There was no way in Equestria that I could ever work at a school. I’m no teacher, nor am I any good with kids. Oh Celestia, what could this mean? I figured at that point I could try flying away real sneaky like. “Excuse me, sir? You are just in time” Drat! She spotted me. I couldn't run away now. I had to play it off as a joke. “Hehehe sorry, thought I could run away, haha…ha” There was no way she would buy that. She giggled before responding “Nope, you got a lot of work I need done around here.” She totally bought it! “I’m sorry I didn’t introduce myself the last time we met, I am Ms. Cherilee. I teach the children here in this schoolhouse.”
“Oh uh well I don’t really have a name per se. Ponies just call me… um… Scar Flank”
“I noticed that little blemish back there. How did you get that if I may ask?”

It was strange, aside from my friends from my foalhood no other pony ever really took an interest in me. I told her about how I use to live in town as a baby and of my accident. I told her also of my early days at the orphanage. Felt better not to bring up painful memories for her to pity me over. She showed me into the class room and began to define what it is I was to do. There were all sorts of class room items scattered about. Drawings on the walls, bookshelves filled with textbooks, desks slightly out of line from the children’s anxious escape from class. Sights that reminded me of my foalhood raced through my head, it had been a very long time since my hooves had been in a classroom. The teacher appeared before me with bucket in mouth and various other cleaning items on her desk at the front of the room. “This is what I’d like you to do. The children leave this place in such disorder every day that I've decided to hire some pony to clean it for me. It’s not a great job to have but would you be willing to take up a task like this?” Her eyes widened, hoping that I’d take the job. Relegation to janitor duty to a bunch of kids? It’s not like I had any other alternative. Sliding my hood back I picked up a sponge and went to it. She let out gleeful sound before returning to her desk to look over her students’ assignments. I suspect she was tired of doing it herself, so why not hire a sucker to do it? And a sucker I was.

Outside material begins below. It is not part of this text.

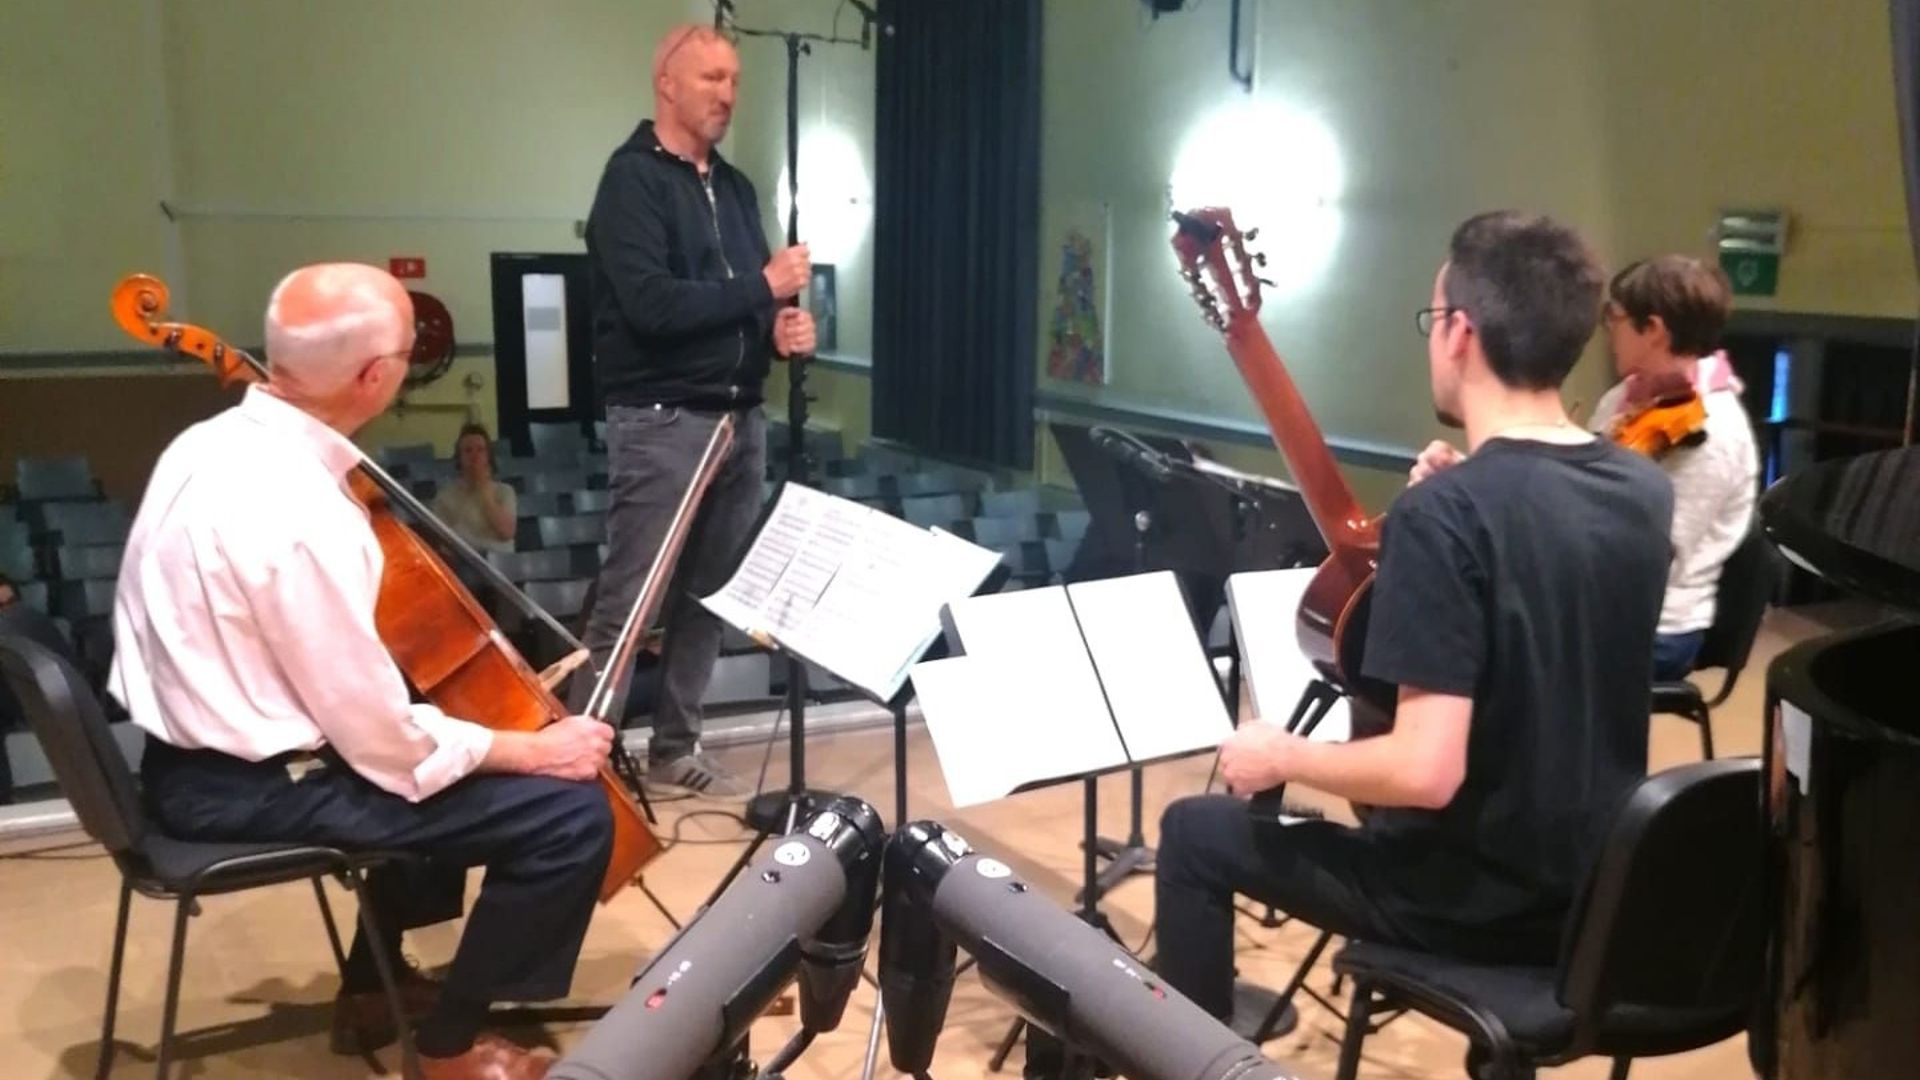 Notre ingénieur du son (au centre), Bertrand Vanvarembergh, en pleine balance avec un trio d'élèves du Conservatoire de Verviers. De gauche à droite : Hugo Ravesloot, violoncelle; Tristan Caelen, guitare et Anne Leyder, violon.

I had expected to be by myself when the cleaning had taken place. There was a stillness in the air as I washed desk after desk, dusted shelf after shelf and removed various trash strewed about the floor and receptacles. All that could be heard was the sounds of wiping from my sponges, various desk legs scratching the floor from each bump, flaps of paper that the teacher was looking over from the class’s assignments that day and even the occasional cough. The first night started out ok but then became awkward as no other conversations were carried on during my task. The sun was completely down, she looked over my cleaning and nodded for a job well done. Subsequent to locking up the school we went our separate ways. Before she got too far out of sight she called out to me. “Thank you Mr. Scar, see you same time tomorrow?” I just awkwardly waved back before taking flight into the starry, night sky. I was beat. Cleaning up that room really took it out of me. I was set to finally sleep and wait for work tomorrow. I nestled into my coat pillow and shut my eyes… only to have the open wide a split second later. “SHE FORGOT TO PAY ME!!!” The moment that realization hit me so did my stomach. Suffice it to say, that night was also of a woeful nature.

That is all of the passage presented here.